ASSIGNMENT: Transcribe the line that contains "niños jugando a" and every line after it to the end of the records, exactly and nothing else. Skip the pictures.

(Saved data entries)
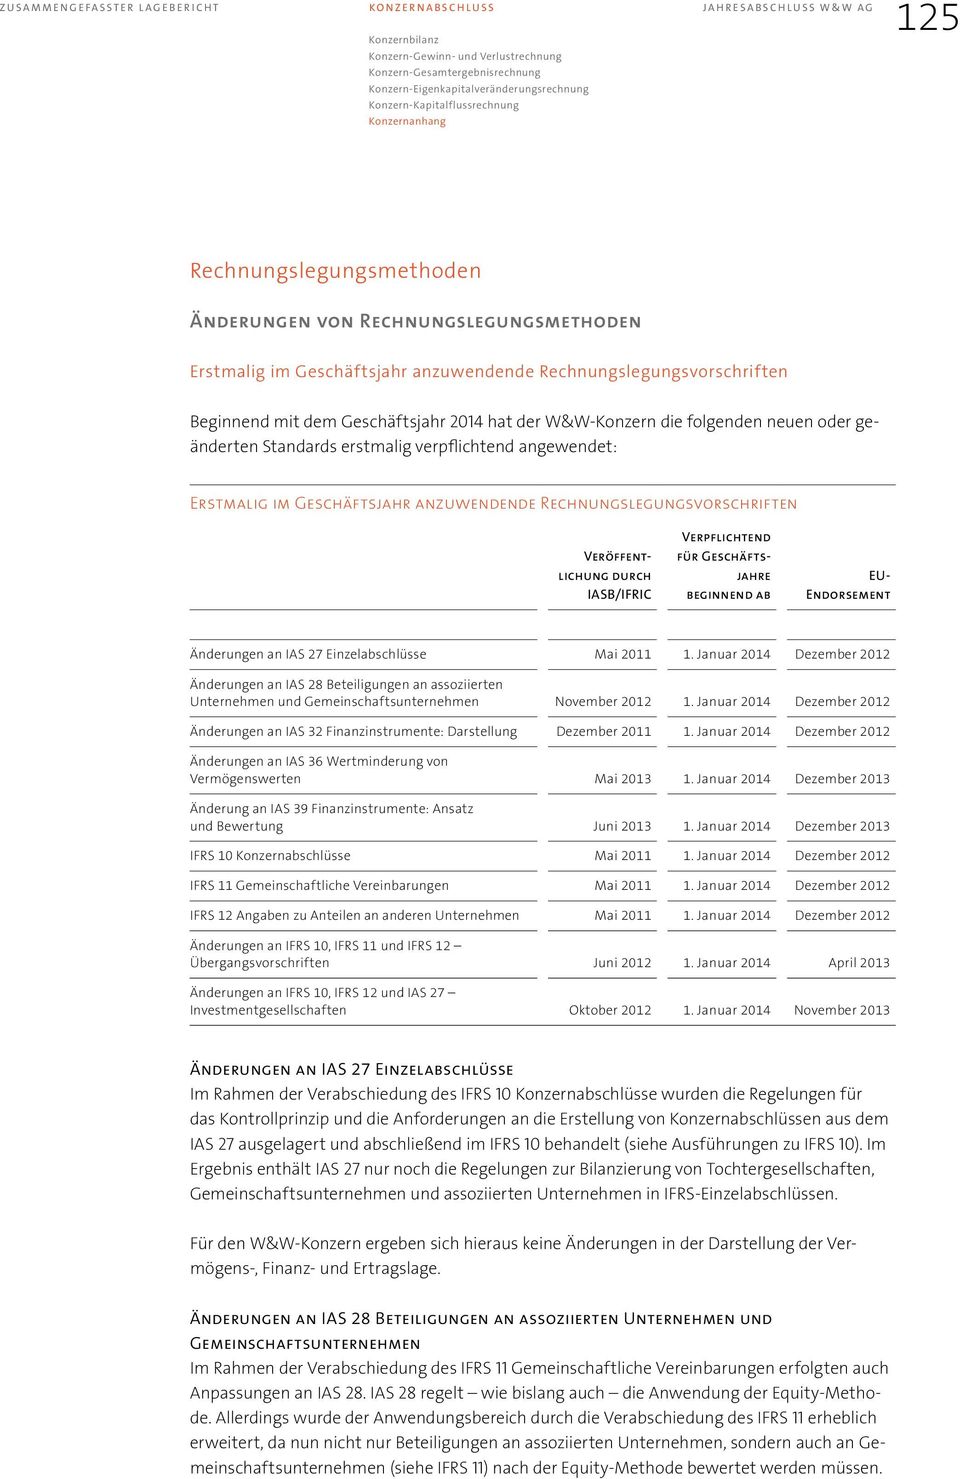 anzuwendende Rechnungslegungsvorschriften Veröffentlichung durch IASB/IFRIC Verpflichtend für Geschäftsjahre beginnend ab EU- Endorsement Änderungen an IAS 27 Einzelabschlüsse Mai 2011 1.
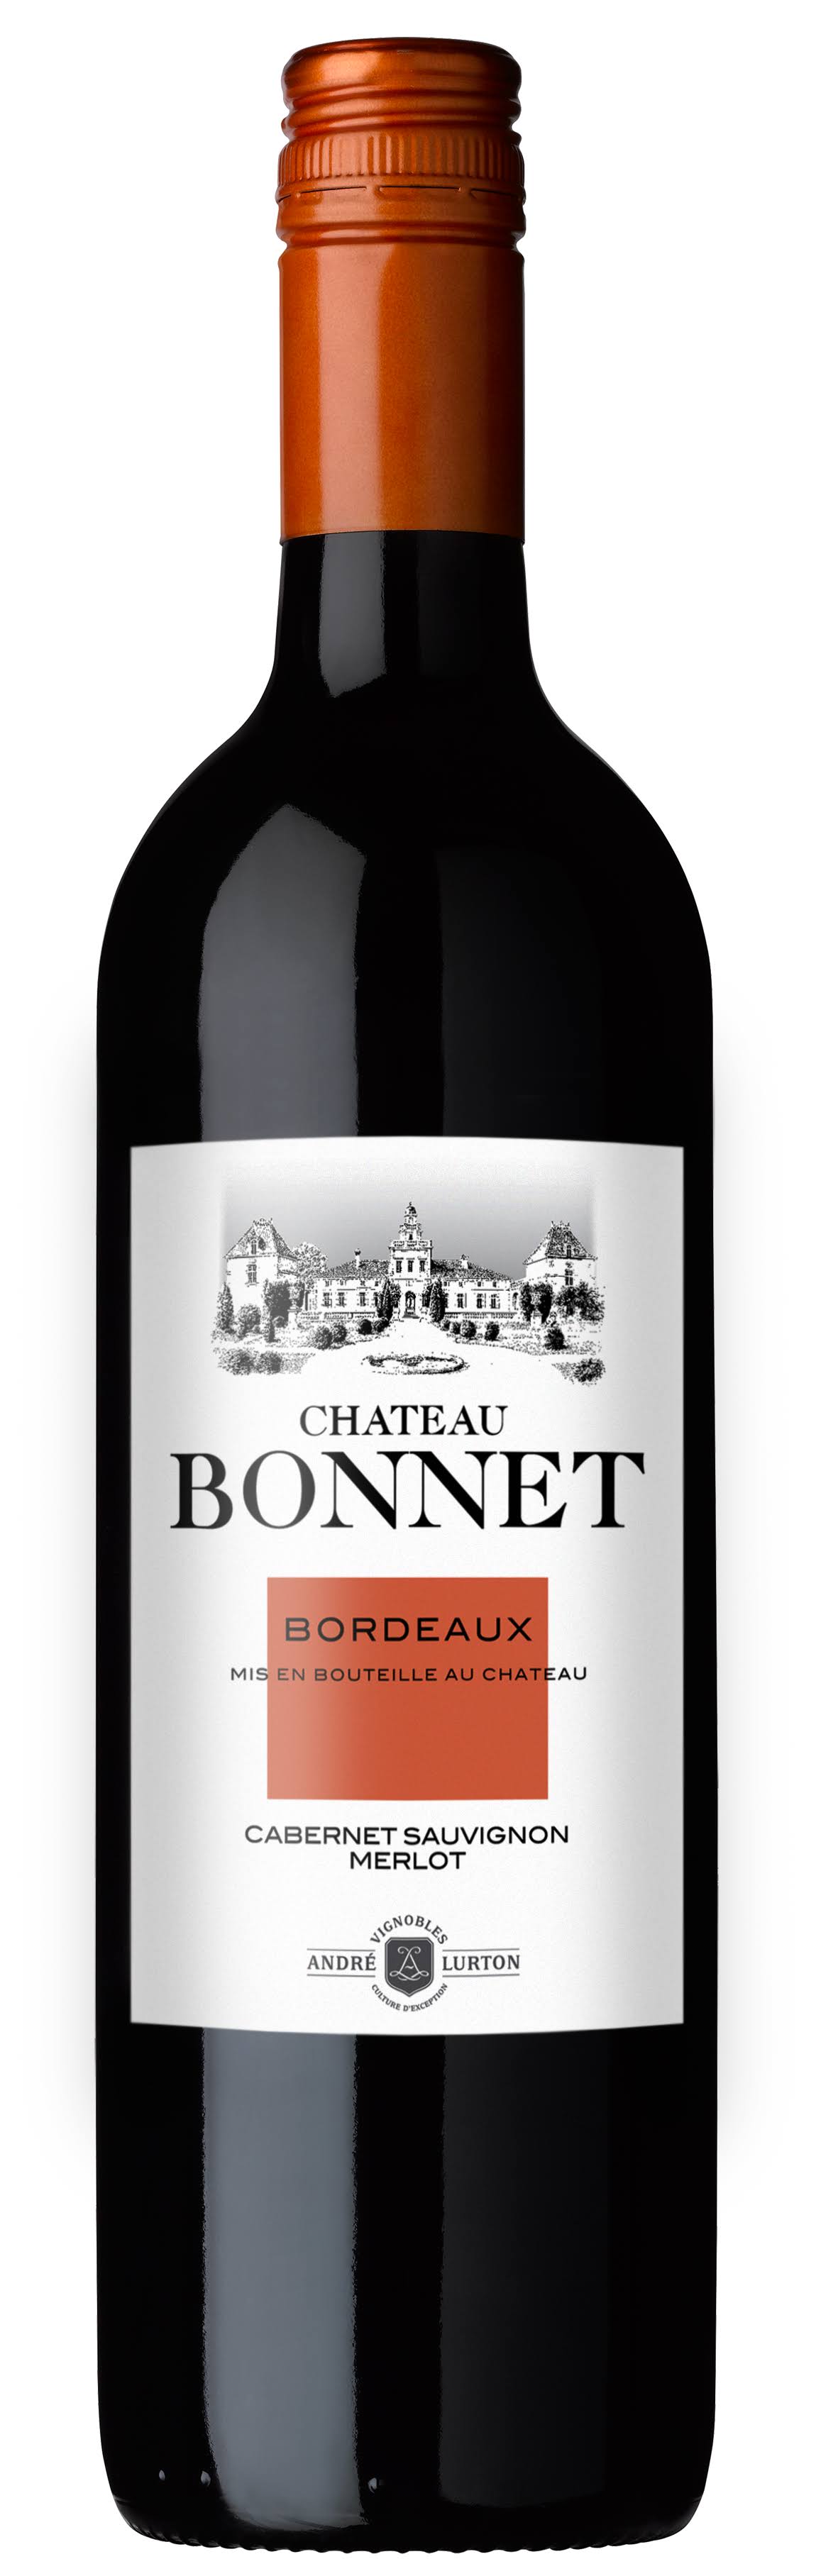 Chateau Bonnet Merlot Cabernet Sauvignon, Bordeaux, 2006 - 750 ml
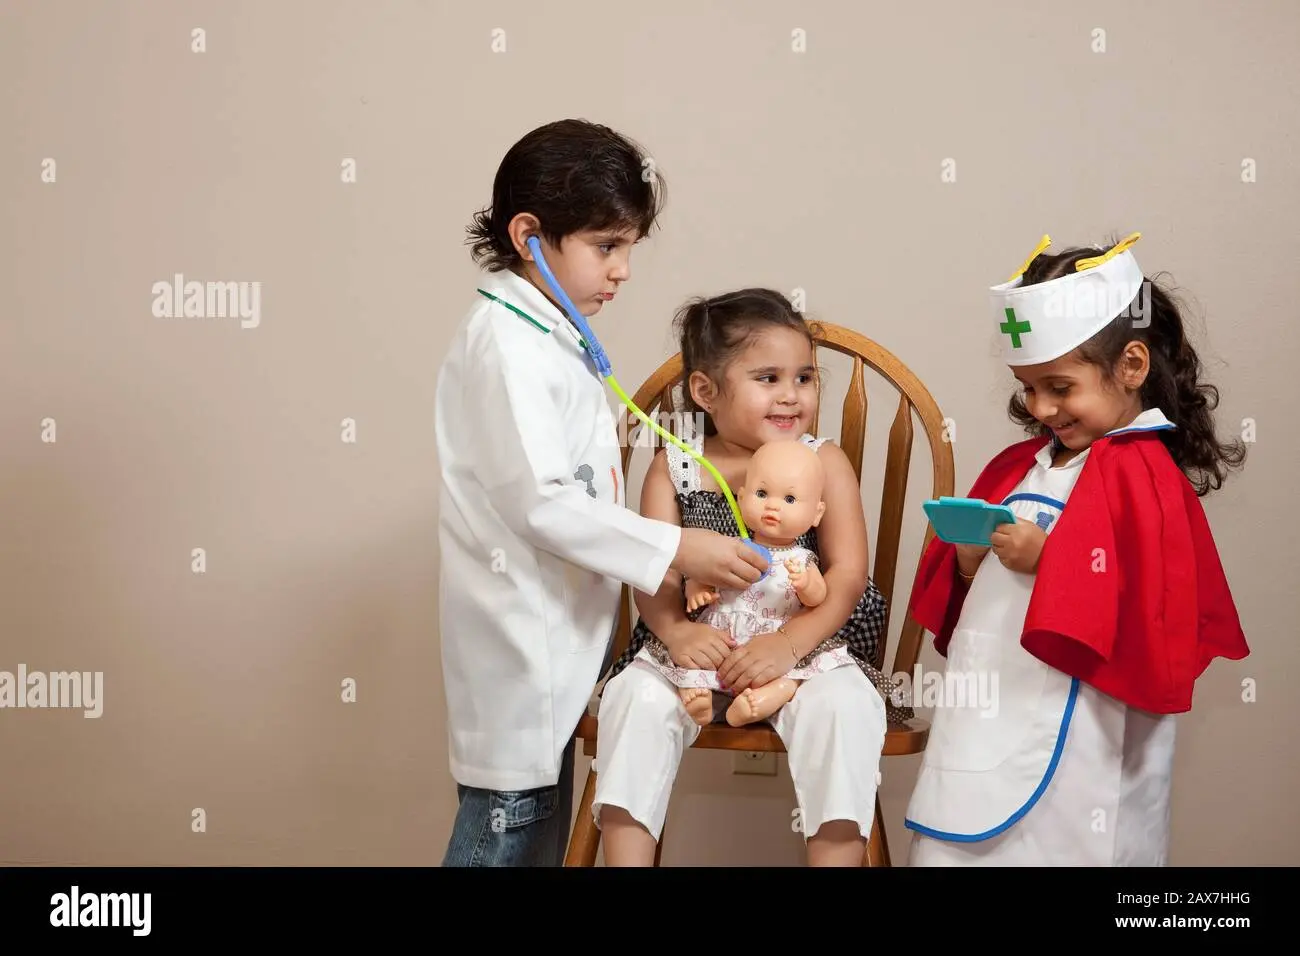 niños jugando a doctores - Cómo se llama el doctor de los niños
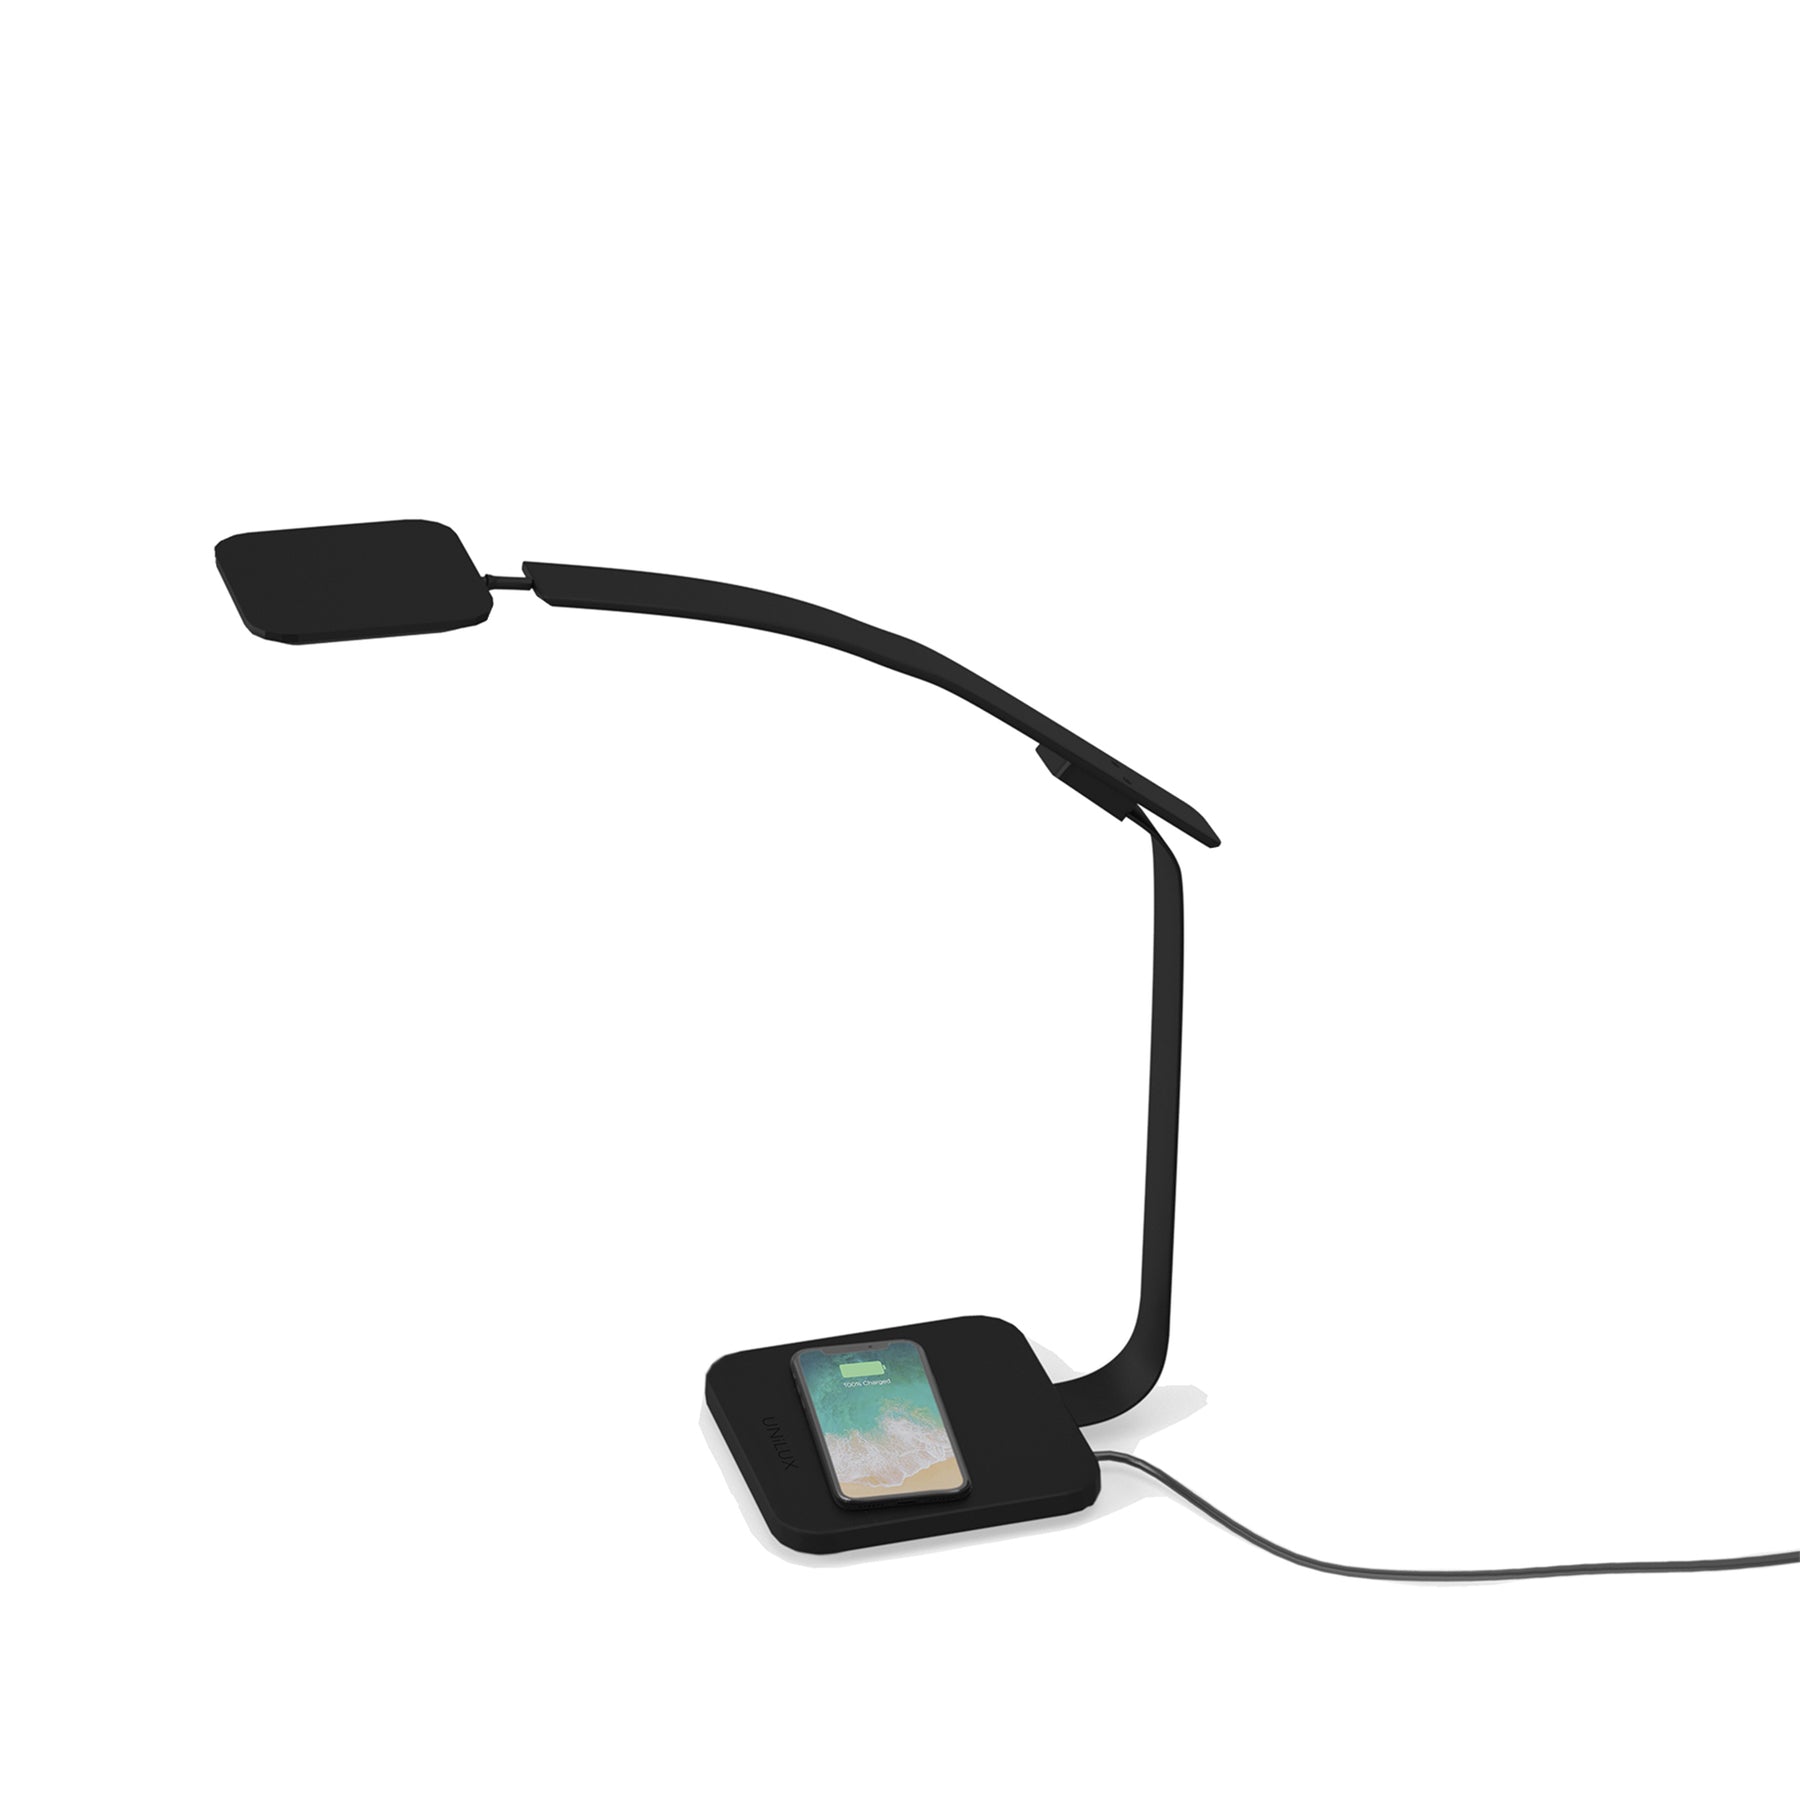 Schreibtischlampe Timelight schwarz für eine optimale Beleuchtung im Homeoffice
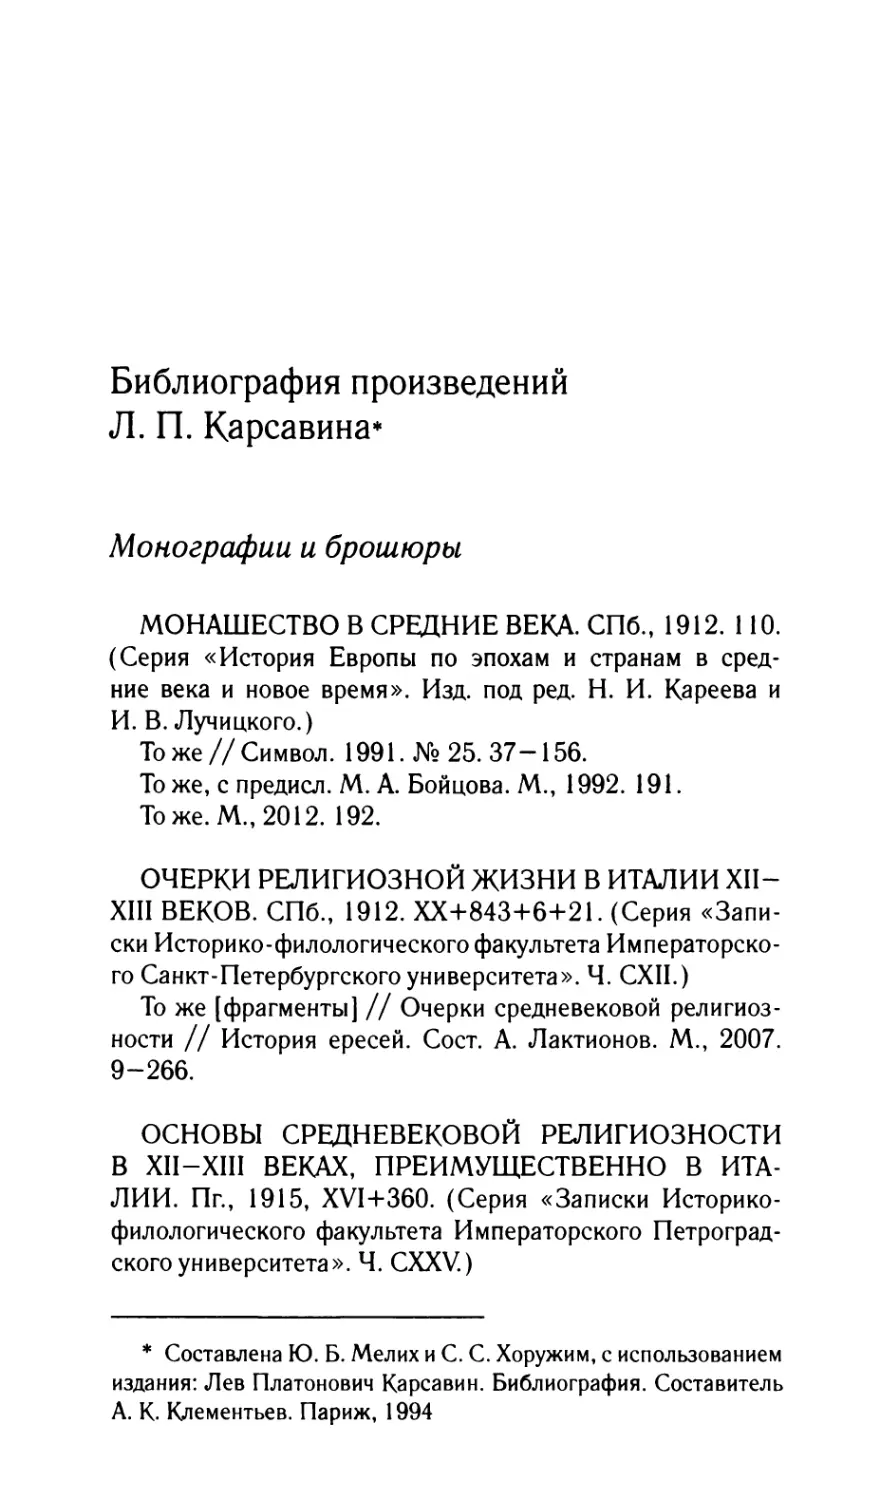 Библиография произведений Л.П. Карсавина

WRITTEN ANSWER:
 niños jugando a doctores - Cómo se llama el doctor de los niños
 Schreibtischlampe Timelight schwarz für eine optimale Beleuchtung im Homeoffice
 Библиография произведений Л.П. Карсавина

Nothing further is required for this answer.